Le scénario est découpé de manière à mettre en lumière les événements les plus marquants pour les populations. On voit comment au chaos de la débâcle succède la mise en place de l'ordre allemand, le début de la collaboration entre les représentants du gouvernement de Vichy et les autorités d'occupation, les compromissions de certains pour vivre malgré tout, l'émergence des mouvements de résistance, les mesures anti-juives, l'organisation de la résistance, sa répression, la libération et l'épuration. Cela à travers un certain nombre de personnages dont la psychologie s'affine au fil des épisodes.

L'heure des choix

Tête d'affiche de la série: Robin Renucci qui incarne Daniel Larcher, le maire de Villeneuve, un médecin sans histoire marié à la flamboyante Hortense (Audrey Fleurot). Daniel Larcher est l'archétype du brave homme qui va progressivement être entraîné là où il ne voulait pas aller, c'est-à-dire dans la collaboration, cela au nom de la protection de ses administrés. Il est sans cesse confronté à des choix cornéliens, que ce soit lorsqu'il s'agit de désigner des coupables de sabotage pour éviter une répression aléatoire de la population, de protéger son frère Marcel (un militant du PC clandestin recherché par la Gestapo), ou de sauver son ex-femme du déshonneur à la libération (celle-ci l'avait quitté pour Heinrich Müller, le chef de la Gestapo).

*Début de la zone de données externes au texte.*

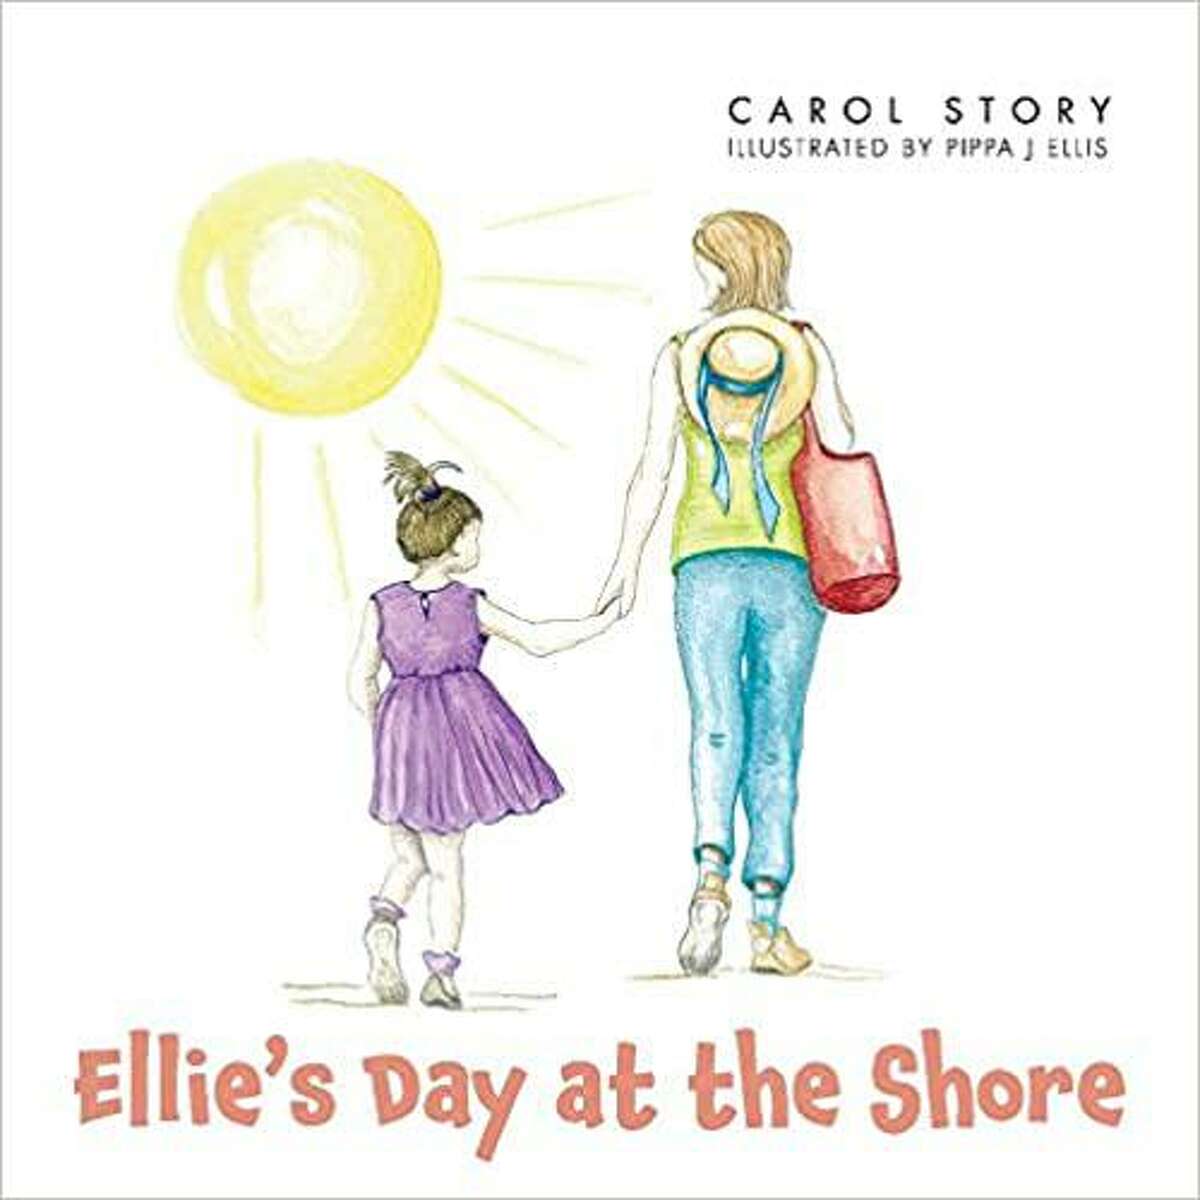 “Ellie’s Day at the Shore” is a children’s book about wildlife along the shoreline.

Une pléiade de personnages nouant entre eux des relations complexes et souvent passionnées se déploient autour du maire de Villeneuve tout au long des 60 épisodes. A côté des Larcher, on découvre les Schwartz avec à leur tête Raymond (Thierry Godard), le patron d'une scierie qui fournit les Allemands en matériaux. Il va finir par entrer dans la résistance gaulliste aux côtés de la femme qu'il aime, Marie Germain (Nade Dieu); son épouse, Jeannine (Emmanuelle Bach), convole en secondes noces avec le nouveau maire de Villeneuve, un collaborateur notoire.

Plusieurs lieux clés

La série s'articule autour de plusieurs lieux clés: le commissariat où sévit le collaborateur Jean Marchetti (Nicolas Gob), l'école du village dont le directeur, Jules Bériot (François Loriquet), est secrètement l'un des chefs de la résistance gaulliste, la préfecture, la Gestapo ou encore le maquis.

Une pléiade de scénaristes a été mobilisée pour l'écriture des soixante épisodes. Si l'on perçoit à la longue un certain essoufflement, la démarche autant que le résultat sont absolument remarquables. Notons aussi que lors de la diffusion sur France 3, une série documentaire intitulée «Ils y étaient» proposait, en bonus de la fiction, d'entendre des témoins évoquant leurs souvenirs personnels en résonance avec les épisodes.

L'intégralité de la série est désormais disponible sur DVD. La série est également diffusée sur TV5 ainsi que sur la Une et la Trois en Belgique.